● **RECORDED DATA**
_____

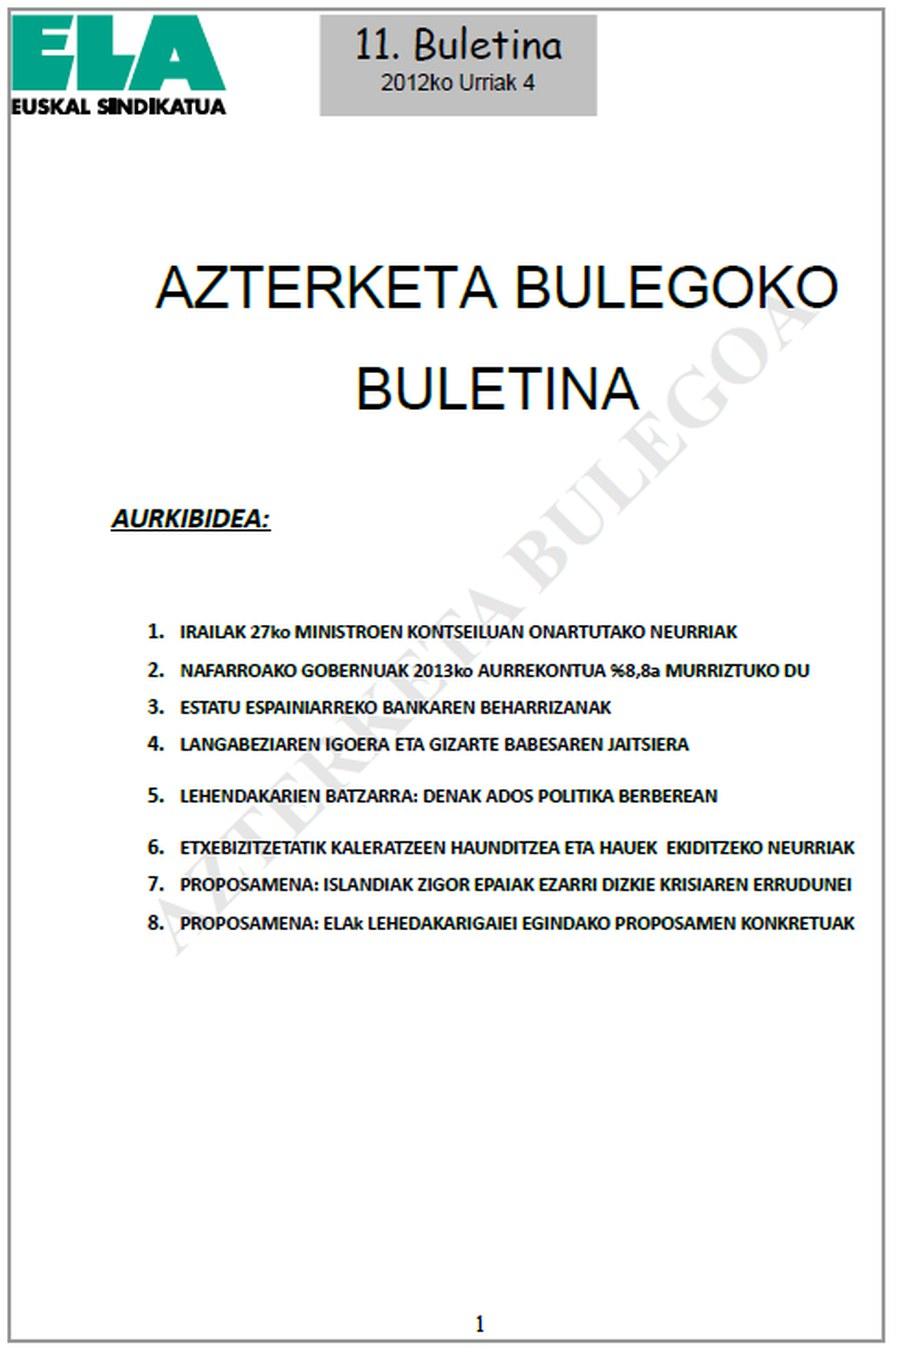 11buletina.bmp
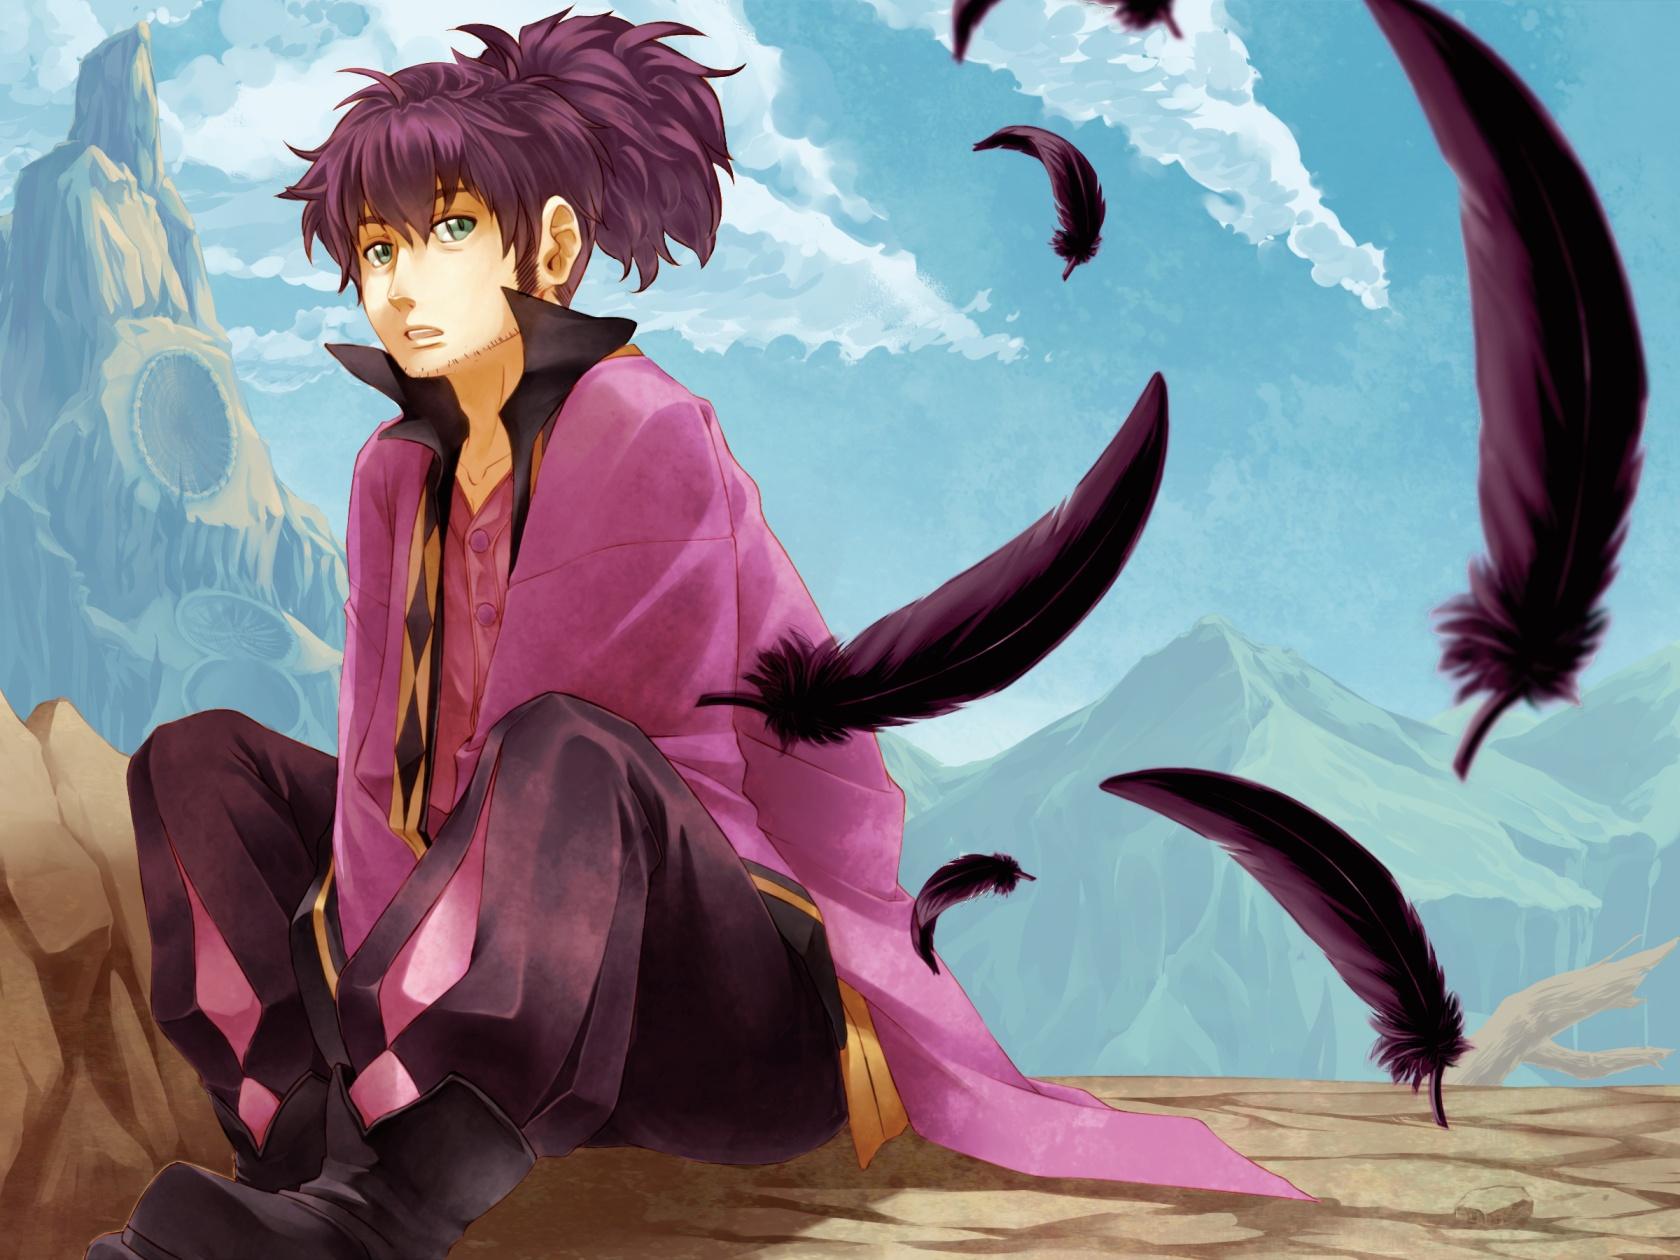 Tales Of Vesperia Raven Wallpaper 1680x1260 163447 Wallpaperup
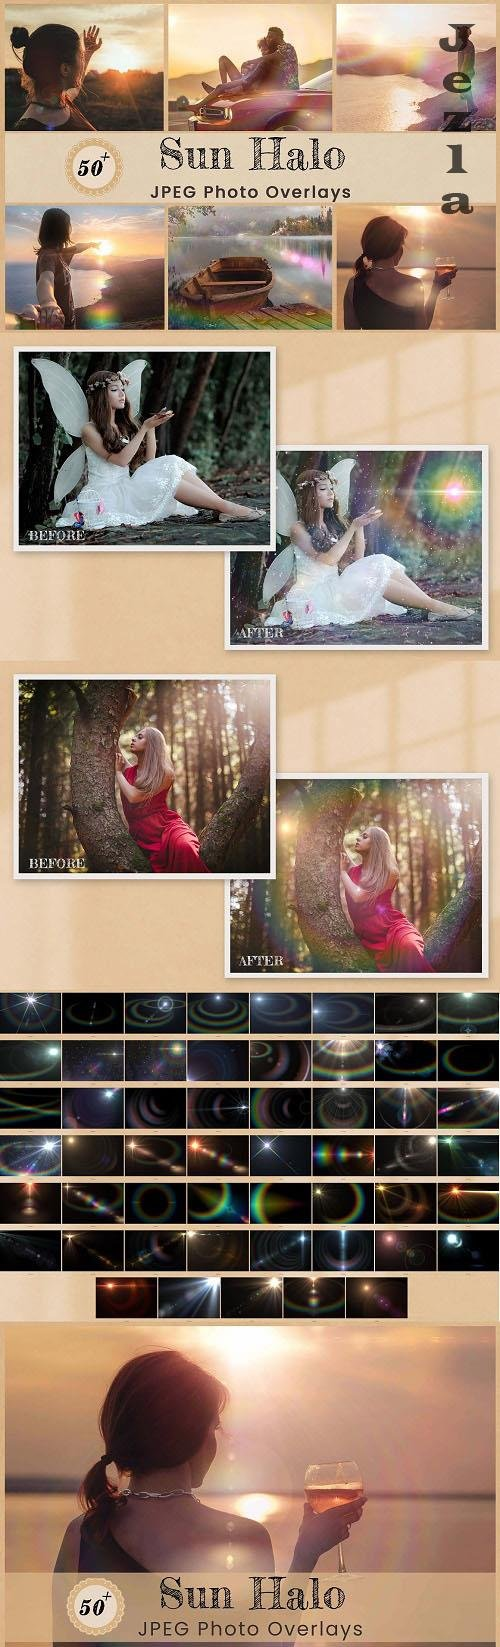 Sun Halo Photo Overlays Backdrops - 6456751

_____

● **WORK ITEM**
With the pictures removed, return the listing above in its exact original wording.

● **ANSWER BELOW**
 11buletina.bmp
 Tales Of Vesperia Raven Wallpaper 1680x1260 163447 Wallpaperup
 Sun Halo Photo Overlays Backdrops - 6456751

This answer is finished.